Originally Posted by myoplex11
which of the following are not well behaved funtions:
a)ax^2 + bx+c
b)e^x for all x
c)y= |x|
d)g(x) = cosx + sinx for -pie=< x =< pie and 0 elsewhere

"Well-behaved" is a term mathematicians use because they are lazy to state all the conditions a function must meet. Hence this term is not well-defined. You need to say what it means over here.
• Sep 19th 2007, 04:56 AM
topsquark
Quote:

Originally Posted by myoplex11
which of the following are not well behaved funtions:
a)ax^2 + bx+c
b)e^x for all x
c)y= |x|
d)g(x) = cosx + sinx for -pie=< x =< pie and 0 elsewhere

(sigh) (Fubar)
Would you eat $\pi$? No. So don't spell it "pie," spell it correctly: "pi."

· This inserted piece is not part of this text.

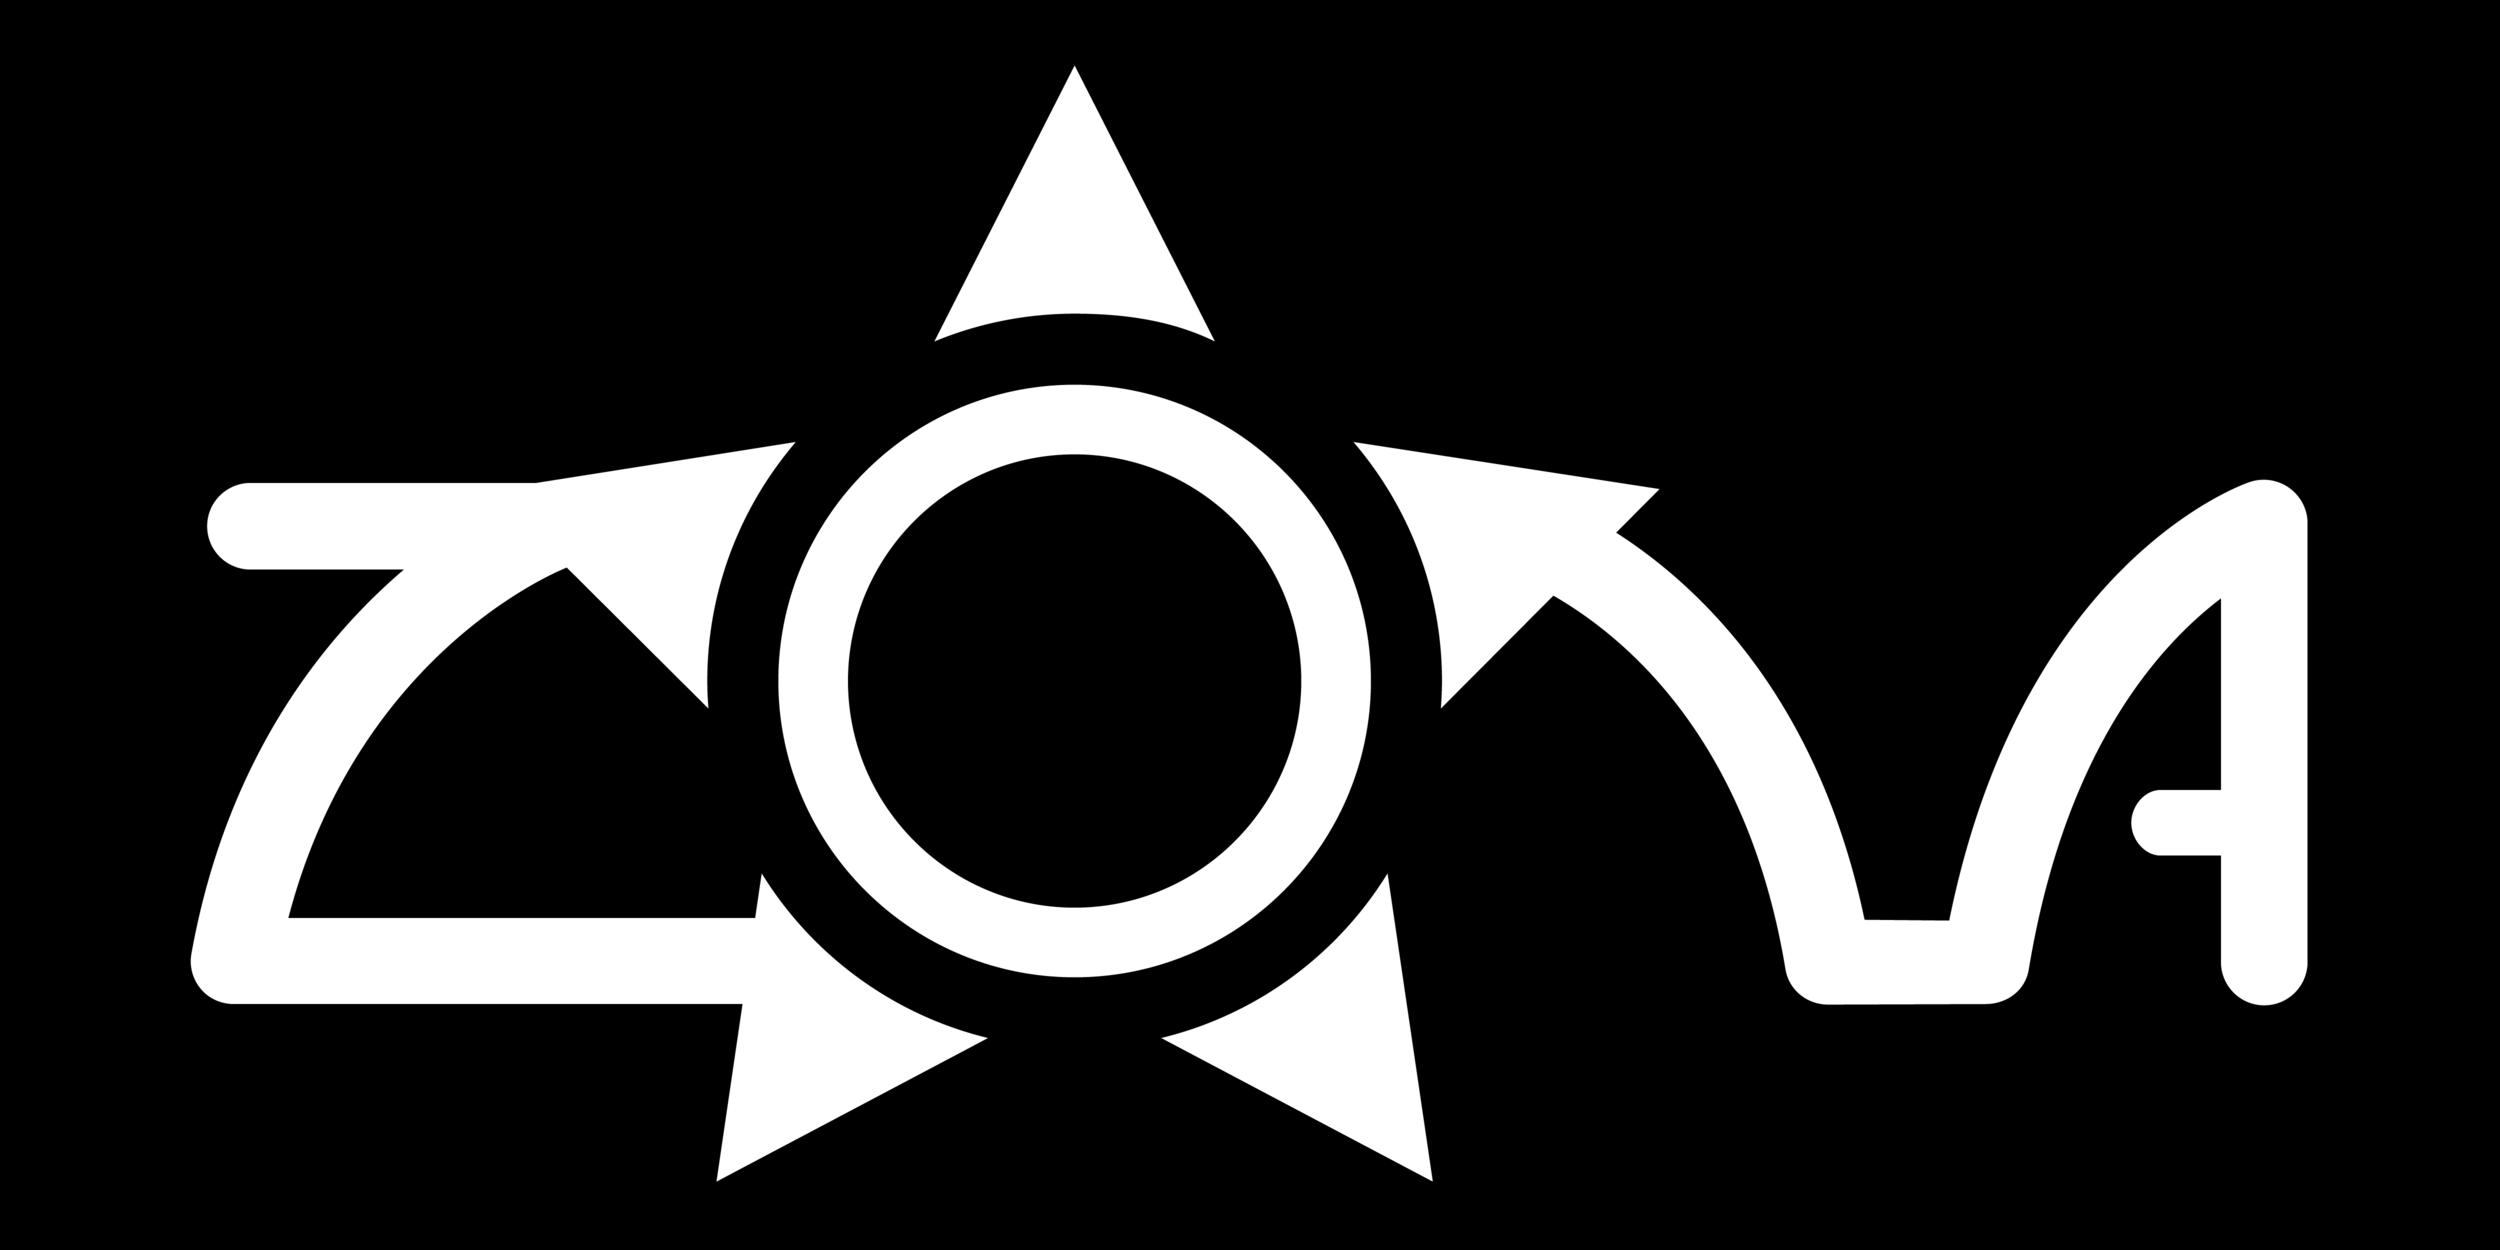 zola-logo-white black background.png

Okay, this might be what you need: $y = |x|$ is not "smooth." That is to say all the derivatives of y are not continuous. (In fact no derivative of this function is continuous.) In this sense $y = |x|$ is not well behaved.

-Dan
• Sep 19th 2007, 01:10 PM
CaptainBlack
Quote:

Originally Posted by myoplex11
which of the following are not well behaved funtions:
a)ax^2 + bx+c
b)e^x for all x
c)y= |x|
d)g(x) = cosx + sinx for -pie=< x =< pie and 0 elsewhere

Quote:

Originally Posted by topsquark
(sigh) (Fubar)
Would you eat $\pi$? No. So don't spell it "pie," spell it correctly: "pi."

Okay, this might be what you need: $y = |x|$ is not "smooth." That is to say all the derivatives of y are not continuous. (In fact no derivative of this function is continuous.) In this sense $y = |x|$ is not well behaved.

-Dan

d) is not even continuous at +/- pi

RonL